I'm looking for a job. I've had a lot of conflicting advice from different people about what to put on a résumé, and how long it should be. Although my background is in hardware, I've had more work experience in software, including recently doing some big data processing and machine learning. I feel like my applications are being auto-filtered and aren't even being seen by humans. The only interview I had simply asked questions about each part of the job description.
Therefore I'm considering writing a fake résumé generator. It would take a job description, find key words, and patch together a realistic profile based on a dataset of real résumés.
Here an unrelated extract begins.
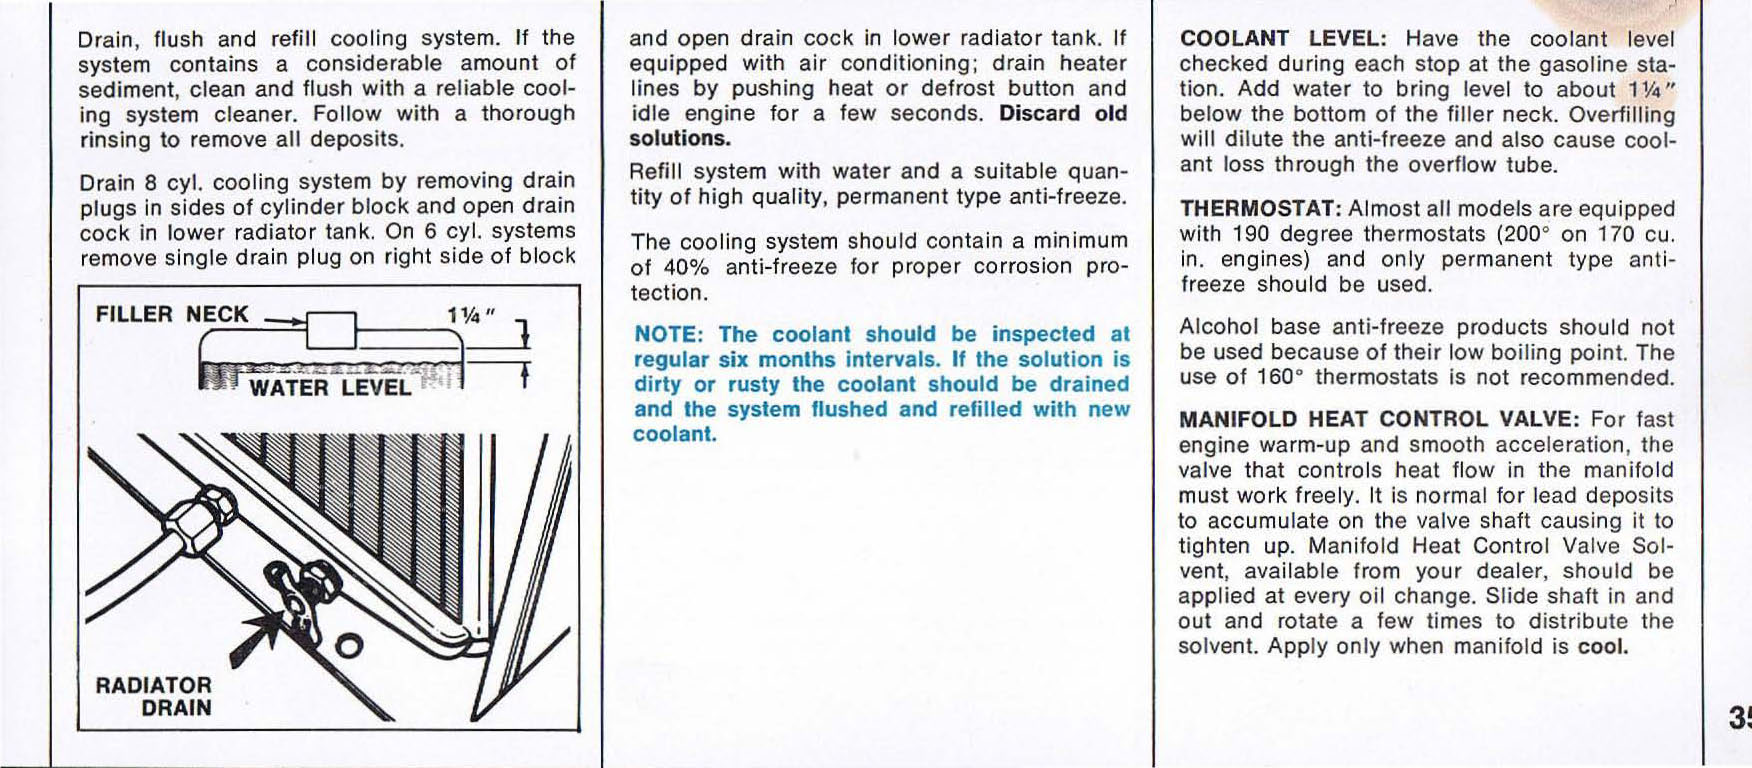 1969_Plymouth_Valiant_Owners_Manual-35

If my bots could get an interview, I would then attend and reveal my true identity. Having successfully built a machine that passed their HR deparment's Turing Test, I'd hope that some engineers might be impressed with my sheer audacity. However, I'm worried that it might get me blacklisted from some companies. I feel like there's nothing to lose though, because I'm already unemployed.
What's your opinion? Is this a system that's worth gaming? Would you be impressed or offended if you discovered that a shortlisted candidate was AI, not human?
* Skip the crammed-together logo crap and links on the left.
* More whitepace, it's hard to read.
* Don't jam the position/company/location/dates all on one line.
* It's impossible to figure out what you (think you) know without reading everything: without a summary section you likely won't get past many automated or human systems.
* Even after reading your experience I have almost zero clue what languages and environments you know, have familiarity with, prefer, or enjoy.
* Stop with all the freakin' icons, flags, and pictures.
* References on request.
* Elide all/most of the "Personal Interests"
* Nobody cares about your iBooks in 2005
* I would keep the language, education sections; academic awards, meh; as a hirer, I don't care.
* Add a better summary section.
* Add usable, relevant info to the job history (e.g. "I wrote this", BFD: what did you use to write it?) or add an overall technology section, and don't lie, because if whoever is interviewing you is anything like you, I will ask about the weirdest shit you put on your resume.
Bottom line: lots of wasted space, way too light on actionable data. No clue what you actually know, what you want to do, how any of your experience is relevant to what I'm hiring for.
Tangential: For better or worse, your religious views will raise certain feelings in certain people. And if your life was predetermined, then this is all what's supposed to happen anyway, right? So why complain? Just sayin'.